Three Rock Rovers ready to fly Irish flag in Euro Hockey League
South Dublin club one of the few hockey clubs to successfully apply for sport capital grant
Minister for Sport Shane Ross: review of the current Sports Capital Grants system could see fee-paying schools being excluded in future. Photograph: Barbara Lindberg.
As Three Rock Rovers travel to represent Ireland this weekend in the Euro Hockey League, Hockey Ireland might pause to consider why the sport did so poorly in the last round of Sports Capital Grants. There is a reason. Not very many applied successfully.
The game is played in 87 clubs and 70 secondary schools in the Republic of Ireland. Of the tens of thousands who play the sport (no exact numbers are yet available) 75 per cent are women.

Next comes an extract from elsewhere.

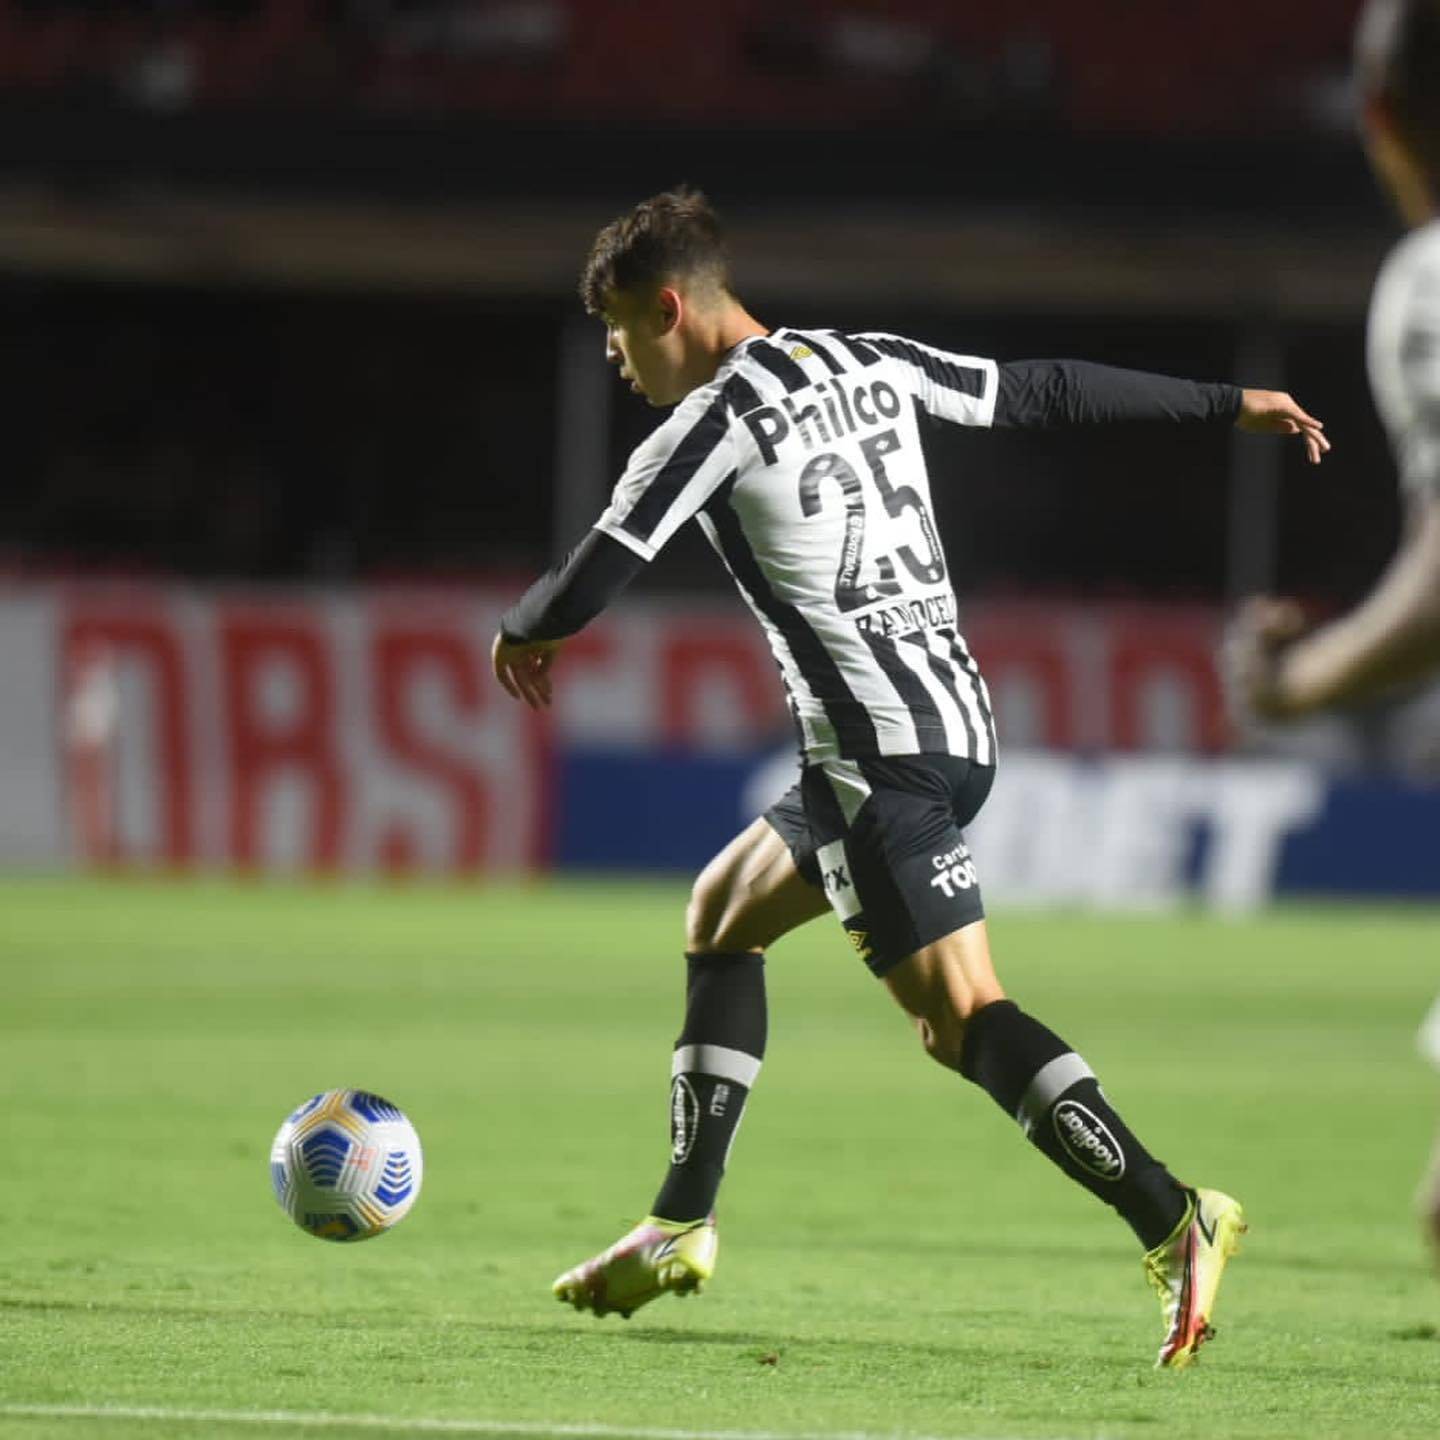 Foto: IVAN STORTI / SANTOS FC

That means mostly women and schoolgirls were hurt by the sport’s inability to organise a structured application process country wide. Hockey received €211,662 before successful appeals, boxing €951,506, tennis €2,643,490. Boxing and tennis were lavishly rewarded for undertaking a co-ordinated filling in of forms to take their fair chunk of the €60 million on offer.
Minister for Sport Shane Ross this week said that 20 per cent of all applications last time around were invalid, down from 48 per cent and that there were 149 appeals of which 35 were upheld. At least three of those successful appeals were hockey clubs/schools.
There is a fear now that the State will exclude fee-paying schools from the next round of grants as a review of the system currently in place is underway. Minister Ross could not say at Wednesday’s Oireachtas hearing when that review would be complete or when next round of Sports Capital Programmes will take place.
This could adversely hit hockey as the structure of the sport is based on strong partnerships between clubs and schools that often have a tie into the local community via national schools and other sports such as soccer, athletics or Tag Rugby.
Three Rock Rovers, who face French side Saint Germain in the knockout stage of 16 are bidding to become the first Irish side to reach the last eight in the Euro Hockey competition’s history.
Having been one of the clubs who successfully applied for a €150,000 capital grant in the last round of funding, they will do the sport a further service if they achieve that aim on the pitch.